Los representantes del Ministerio Público Fiscal señalaron que los peritajes determinaron que el producto adulterado contenía una concentración de citrato de hierro tres veces superior a la indicada en el envase, además de diferencias en el PH y la densidad respecto del medicamento original.

Si bien al término de la instrucción el fallecido fiscal federal Federico Delgado había requerido el juicio por la muerte de cinco personas y daños en 33 víctimas, el fiscal Osorio finalmente atribuyó a los imputados la responsabilidad por cuatro muertes y por las lesiones sufridas por otras 29 personas. Los tres homicidios culposos por los que finalmente condenó el TOCF fueron los de Verónica Díaz (22), Luciana Giménez (26) y Paulina Álvarez (35). “Sufrieron una muerte dolorosa con fallas hepáticas”, afirmó durante su exposición.
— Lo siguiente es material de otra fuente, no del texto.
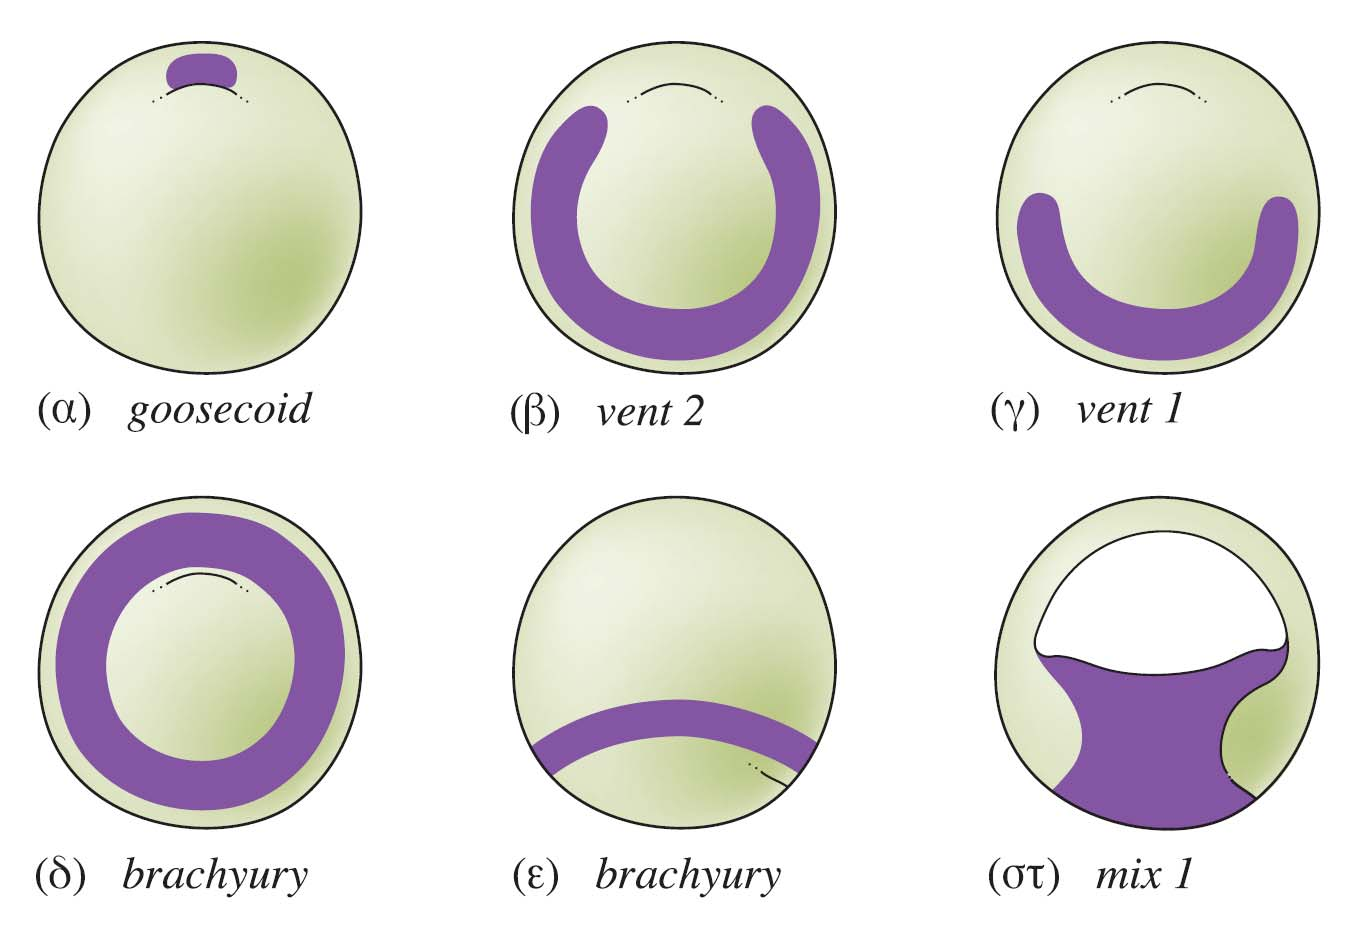 Ο σχηματισμός του ενδοδέρματος ο προκαθορισμός των κυττάρων εξαρτάται από το μεταγραφικό παράγοντα VegT και το παρακρινή παράγοντα Vg1, που είναι μητρικής προέλευσης και κατανέμονται στα

En relación con una de las víctimas, el representante del MPF recordó que Giménez cursaba un embarazo de 22 semanas, fue sometida a una cesárea de urgencia en noviembre de 2004 y que su hijo nació sin vida y ella murió a los pocos días.

“Con el caso Yectafer ha quedado claro el funcionamiento de la organización criminal y la distribución de roles de esta asociación ilícita destinada a falsificar y poner en circulación en el mercado formal medicamentos obtenidos en forma irregular, tanto de procedencia ilegítima como de fabricación ilegal”, sintetizó el fiscal en su alegato.

En su exposición, Osorio enfatizó que el accionar de los imputados causó un “gravísimo daño a la salud pública” a la que pusieron en riesgo. Asimismo, subrayó que el accionar vinculado a Yectafer “no se trató de una operación aislada sino el funcionamiento de una organización criminal”.

La investigación incluyó a otros cinco acusados que no llegaron a la instancia de juicio debido a su fallecimiento durante el proceso. Entre ellos se encontraban Ángel Luis Cirullo y Carlos Guido Maidana, a quienes la fiscalía sindicó como jefe y organizador de la asociación ilícita que habría montado el laboratorio clandestino donde se elaboró el medicamento adulterado.